▸ **Exercise description**
Give the lines below again, exactly as they stand, and leave out the images.

▸ **Recorded information**
#####

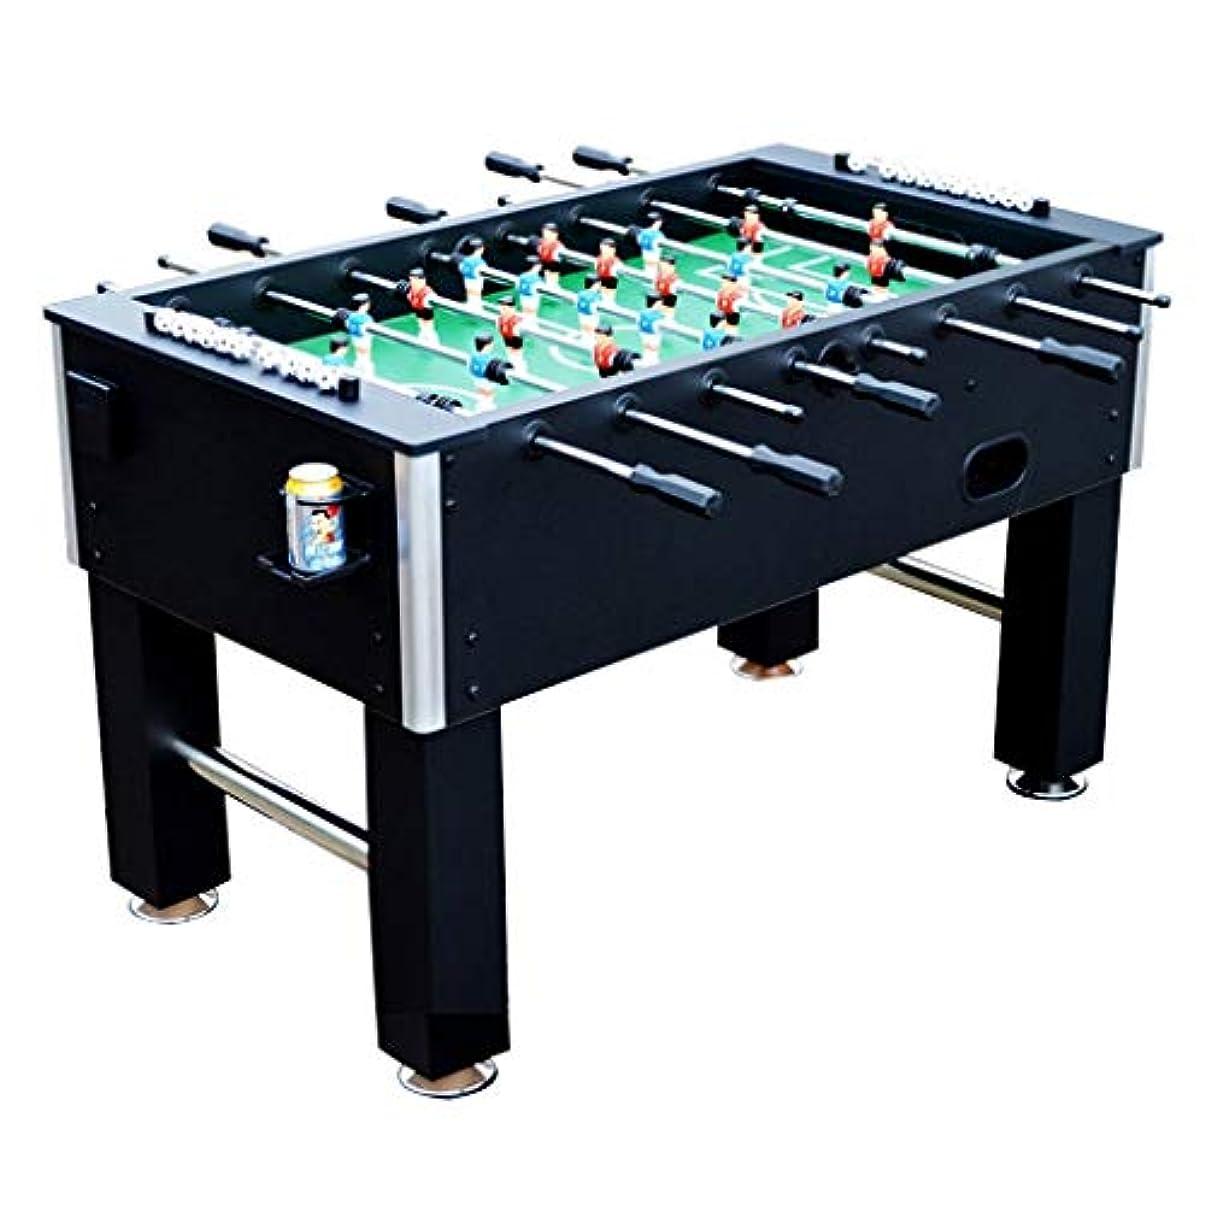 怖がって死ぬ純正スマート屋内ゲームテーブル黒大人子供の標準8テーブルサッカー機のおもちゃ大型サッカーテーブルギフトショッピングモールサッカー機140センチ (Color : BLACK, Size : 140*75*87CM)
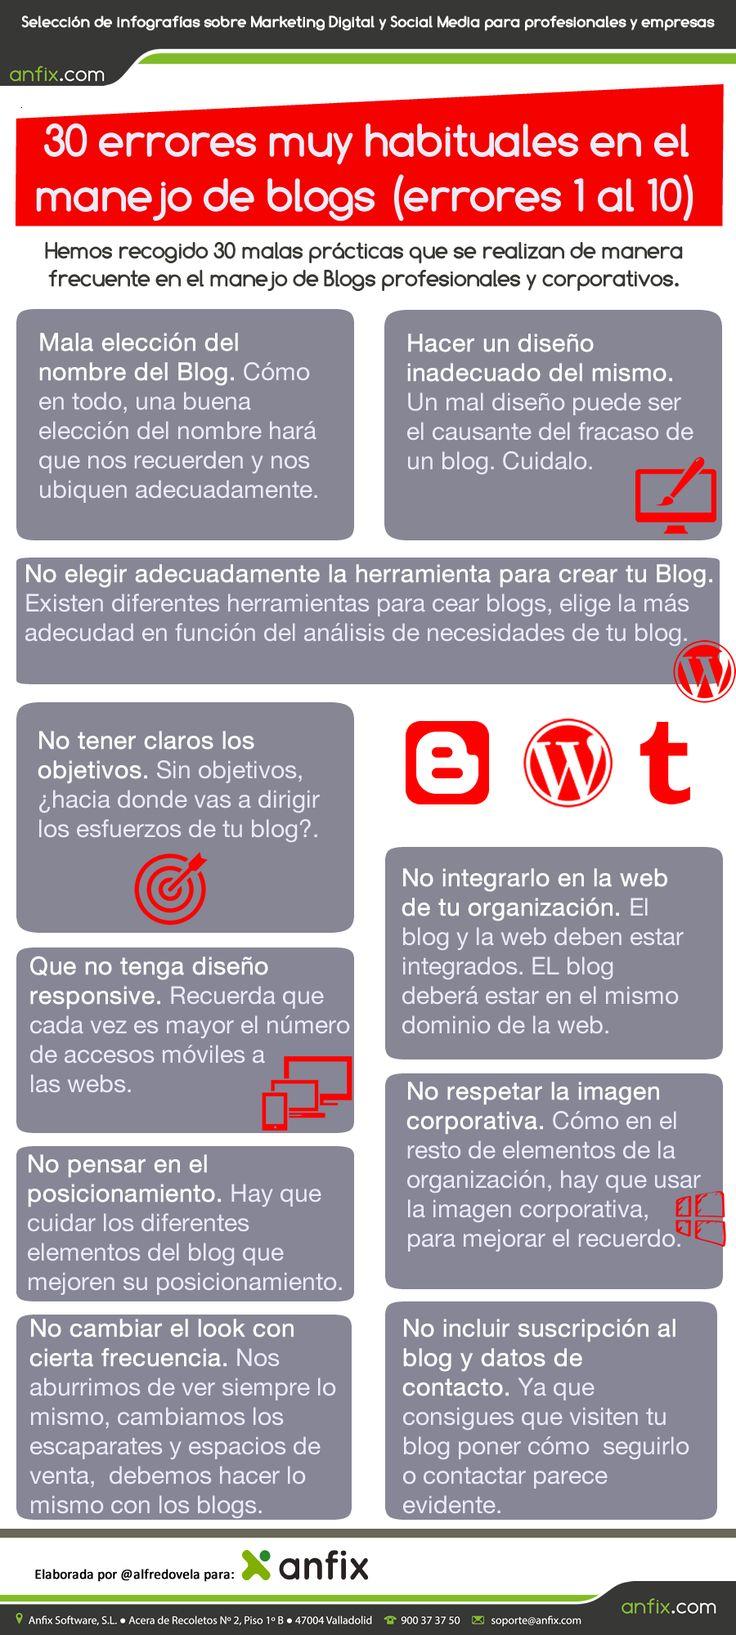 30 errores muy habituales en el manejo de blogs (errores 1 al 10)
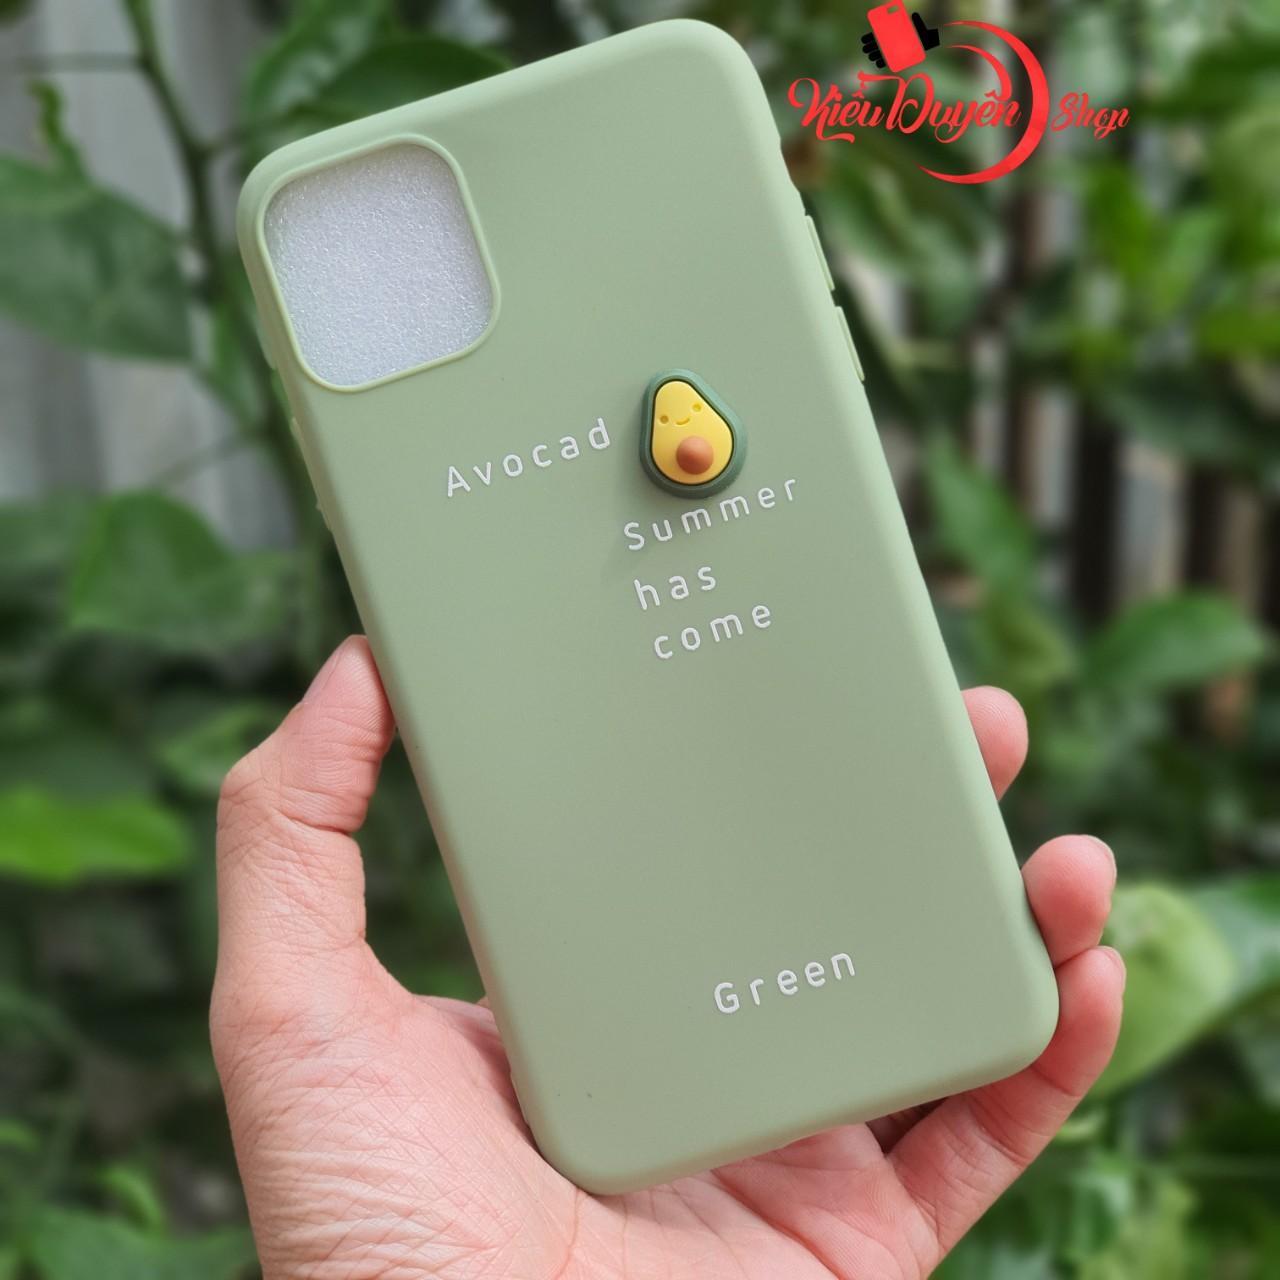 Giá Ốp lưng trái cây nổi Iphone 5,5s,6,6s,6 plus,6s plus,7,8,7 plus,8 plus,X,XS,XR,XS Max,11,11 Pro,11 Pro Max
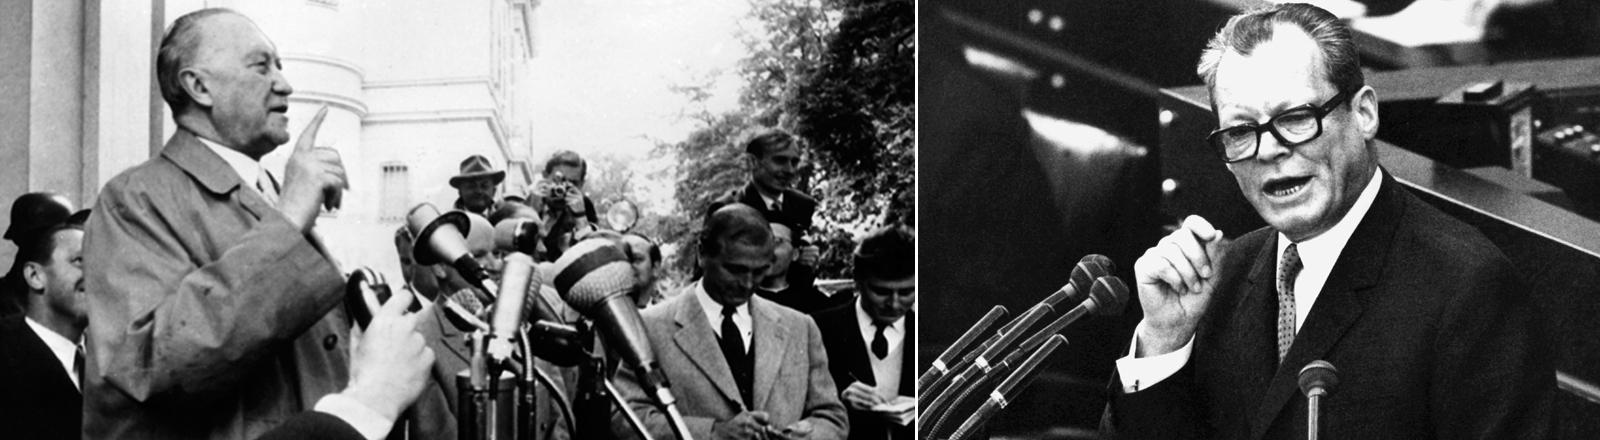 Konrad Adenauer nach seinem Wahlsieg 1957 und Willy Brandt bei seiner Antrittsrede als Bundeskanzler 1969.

#####

▸ **Task answer**
 怖がって死ぬ純正スマート屋内ゲームテーブル黒大人子供の標準8テーブルサッカー機のおもちゃ大型サッカーテーブルギフトショッピングモールサッカー機140センチ (Color : BLACK, Size : 140*75*87CM)
 30 errores muy habituales en el manejo de blogs (errores 1 al 10)
 Giá Ốp lưng trái cây nổi Iphone 5,5s,6,6s,6 plus,6s plus,7,8,7 plus,8 plus,X,XS,XR,XS Max,11,11 Pro,11 Pro Max
 Konrad Adenauer nach seinem Wahlsieg 1957 und Willy Brandt bei seiner Antrittsrede als Bundeskanzler 1969.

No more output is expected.